Identifying the subject
The most commonly accepted identification of the subject was first convincingly argued in 1969 by Julius Held and refined in the 2007 Metropolitan Museum catalog of Dutch paintings by Walter Liedtke. Based on a suggestion made by the Dutch art historian Abraham Bredius in the 1930s, Held argued persuasively for the identification of the subject as Aristotle contemplating a bust of the blind ancient Greek poet Homer (who lived some 400 years prior to Aristotle and who is credited as the author of the of the epic poems the Iliad and the Odyssey).
The identification as Aristotle is based on the facial features, long hair and beard, jewelry and elaborate dress. They are all comparable with other images of Aristotle produced in both paint and print in the 16th and 17th centuries in both northern and southern Europe. Aristotle was held in high regard not only as a poet and philosopher but also as an important commenter on Homer and the teacher of Alexander the Great. Alexander is said to have counted a volume of Homer’s works as one of his prized possessions.
At the time of The Met’s purchase, the subject of the painting was tentatively identified as Aristotle, but was not yet firmly established. This reflects the confusion also recorded in seventeenth-century sources. The painting was originally purchased (and possibly commissioned) by the Sicilian prince Don Antonio Ruffo for the hefty sum of 500 florins. Whether it was a commission or a purchase is unclear, as is exactly what Rembrandt was asked to provide. If it was a commission, the choice of subject must have been left to the painter since when it joined Don Ruffo’s collection it was described as Aristotle or Albertus Magnus (a 13th-century German philosopher). This suggests that even the first owner was uncertain of the subject and that decisions about content must have been made exclusively by Rembrandt.
The painting continued to be documented in numerous family inventories until the late 18th century. Over the years, it has been (mis)identified as “a philosopher,” Albertus Magnus, Tasso, Ariosto, Virgil and even the seventeenth-century Dutch poet Pieter Cornelisz Hooft.
The identity of the sculpted bust in the composition was similarly unclear. It was sometimes vaguely identified as representing antiquity, and as an attribute of the central figure.
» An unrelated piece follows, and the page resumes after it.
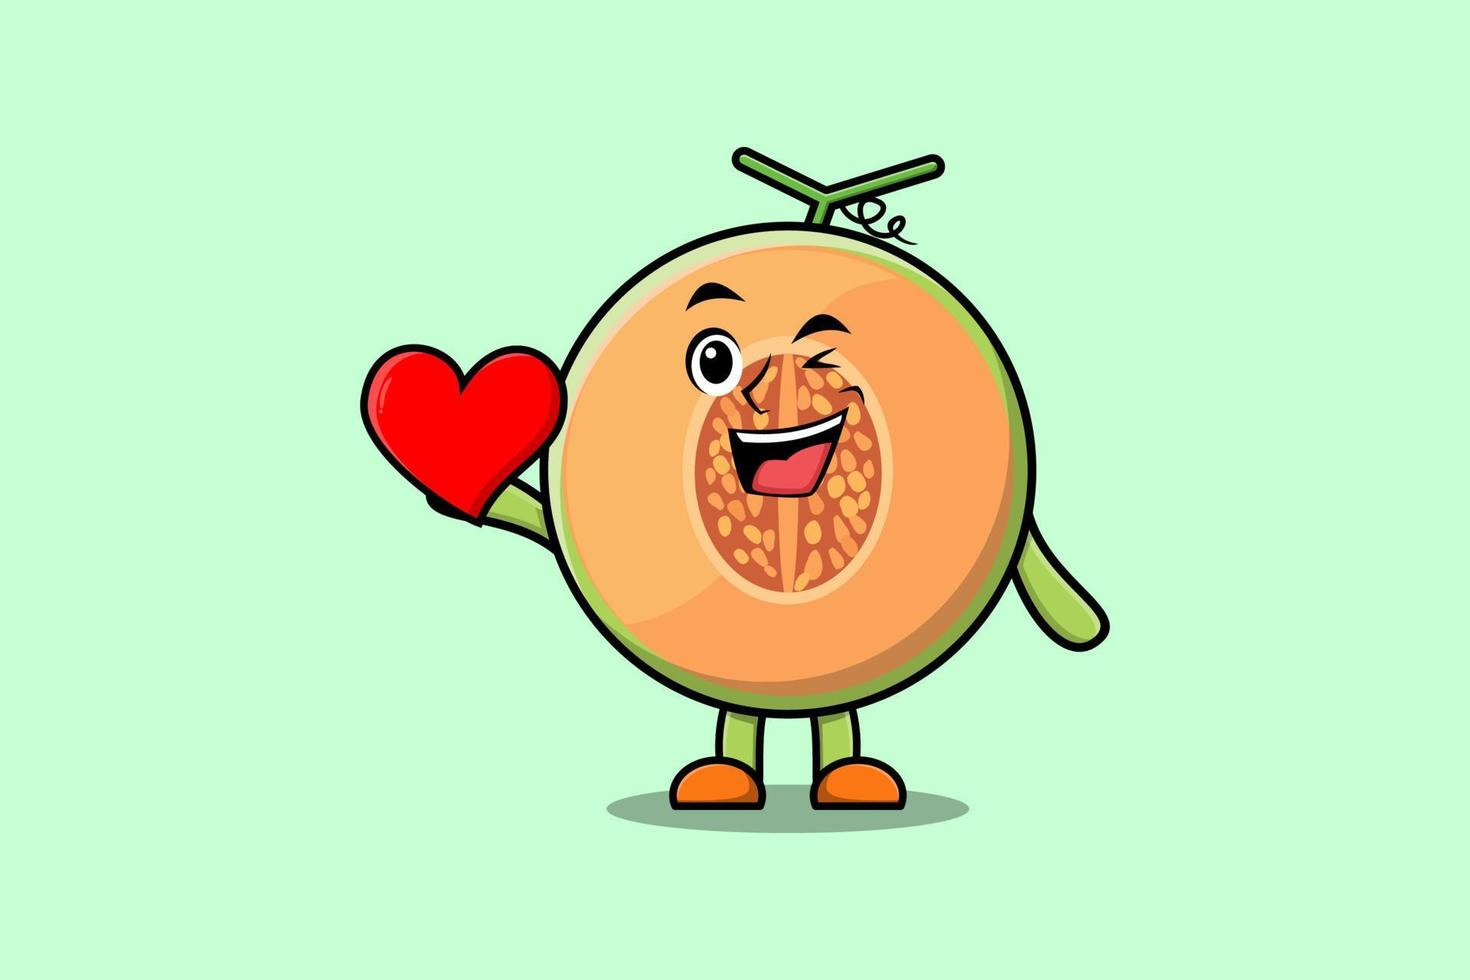 personnage de dessin animé mignon melon tenant un grand coeur rouge vecteur

That it was intended to represent Homer can be supported in several ways.
Almost ten years after his purchase of this painting, Ruffo would go on to commission two more paintings from Rembrandt: a representation of Homer (remnants now in the Mauritshuis) and one of Alexander (now lost). The Mauritshuis Homer fragment (above) shows the blind poet isolated, though in its original format it would have included the students to whom he was speaking. The living poet in this painting is virtually identical to the bust in Aristotle. The shape of the face, the framing of the sightless eyes, and the thin band across his forehead correspond with numerous prototypes and support the firm identification of the bust as Homer. Held has even related it to a specific Hellenistic bust type represented by an example in the Boston Museum of Fine Arts. Rembrandt himself owned a bust of Homer, as it appears in his 1656 bankruptcy inventory.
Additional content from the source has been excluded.